BRIEF DESCRIPTION OF THE DRAWINGS

[0030] FIG. 1 is a block diagram of a networking environment in which embodiments of the present invention may operate;

[0031] FIGS. 2A through 2F depict representative message formats that may be used to convey information used by preferred embodiments of the present invention;

[0032] FIGS. 3A and 3B illustrate the structure of an "affinity table" that may be used by preferred embodiments of the present invention; and

[0033] FIGS. 4 through 11 provide flowcharts depicting logic which may be used to implement preferred embodiments of the present invention.

DESCRIPTION OF THE PREFERRED EMBODIMENTS

[0034] The present invention defines techniques for improving the handling of related connection request messages in networking environments that use workload balancing (which may be referred to equivalently as "load balancing"). Because bypassing the workload balancing function may lead to an overall system in which the workload distribution is out of balance, the disclosed techniques are defined to enable the bypass to occur only when needed by a particular application. Thus, incoming connection requests which do not need this special handling are subjected to workload balancing, as in the prior art, enabling the workload to be shared in a manner that dynamically reacts to the changing networking environment.

[0035] In a first preferred embodiment, the present invention enables an instance of a particular server application to determine dynamically, at run time, whether a relationship with a particular source (e.g. a particular client or subnet) is expected to comprise multiple successive connection requests, and then to specify that those successive requests should be directed to this same server application instance. Preferably, the affinity has a maximum duration, after which the affinity is ended and the resources used to maintain the affinity can be released. A timeout mechanism may be used for this purposes (as will be described in more detail below, with reference to FIGS. 4 and 8). The application instance may also be permitted to explicitly cancel an affinity, or to extend an affinity, using application-specific considerations (as will be described with reference to FIG. 9). Extending an affinity may be useful in a number of situations. For example, an application might be aware that a significant amount of processing for a particular relationship has already occurred, and that it is likely that the processing for this relationship is nearly finished. By extending an affinity, it may be possible to complete the processing (and thereby avoid the inefficiencies encountered in prior art systems which use fixed-duration timed affinities). The ability to cancel an affinity (either explicitly, or because its maximum duration has been exceeded) is especially beneficial in situations where the on-going relationship with the client ends unexpectedly (e.g. because the client application fails, or the user changes his mind about continuing). It may also be desirable to cancel an affinity based upon messages received from the client which indicate that the persistent relationship is no longer necessary.

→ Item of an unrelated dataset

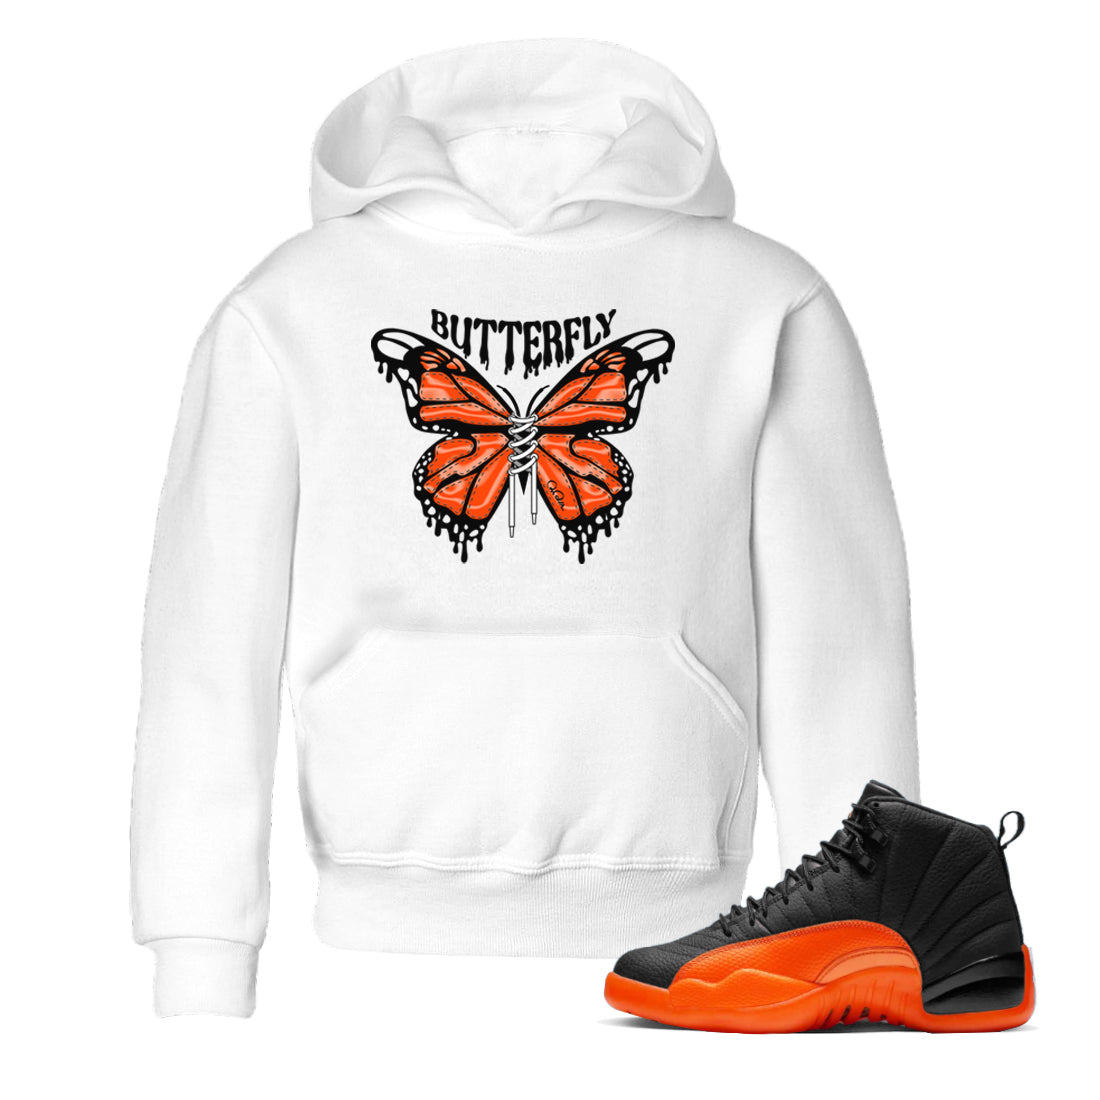 Air Jordan 12 Brilliant Orange Sneaker Match Tees Butterfly Sneaker Tees AJ12 Brilliant Orange Sneaker Release Tees Kids Shirts White 1

[0036] Note that the affinity duration used for this first preferred embodiment differs from the timed affinity approach which is in use in the prior art. To the best of the inventor's knowledge and belief, in prior art techniques, the affinity duration is constant for all clients served by a particular application (rather than being client-specific, as in this first preferred embodiment), and the prior art provides no technique for enabling an executing server application to explicitly begin and end affinities dynamically using application-specific considerations.

[0037] In a second preferred embodiment, the present invention enables instances of a particular server application to specify that connection requests originating from a particular client (and optionally, from specific ports on that client) are to be automatically routed to the same instance of this server application if that instance is currently handling other such requests from the same client. As with the first preferred embodiment, the first of the related connection requests is preferably subjected to normal workload balancing.

[0038] Embodiments of the present invention may operate in a networking environment such as that depicted in FIG. 1. (As will be obvious, this is merely one example of such an environment, and this example is provided for purposes of illustration and not of limitation.) A plurality of data processing systems 20, 24, 28, and 32 are shown as interconnected. This interconnection is referred to herein as a "sysplex", and is denoted as element 10. The example environment in FIG. 1 illustrates how the present invention may be used with IBM's Sysplex Distributor. However, the teachings disclosed herein may be used advantageously in other networking environments as well, and it will be obvious to one of ordinary skill in the art how these teachings may be adapted to such other environments.

[0039] The data processing systems 20, 24, 28, 32 may be operating system images, such as MVS.TM. images, which execute on one or more computer systems. ("MVS" is a trademark of IBM.) While the present invention will be described primarily with reference to the MVS operating system executing in an OS/390 environment, the data processing systems 20, 24, 28, 32 may be mainframe computers, mid-range computers, servers, or other systems capable of supporting the affinity techniques disclosed herein. Accordingly, the present invention should not be construed as limited to the Sysplex Distributor environment or to data processing systems executing MVS or using OS/390.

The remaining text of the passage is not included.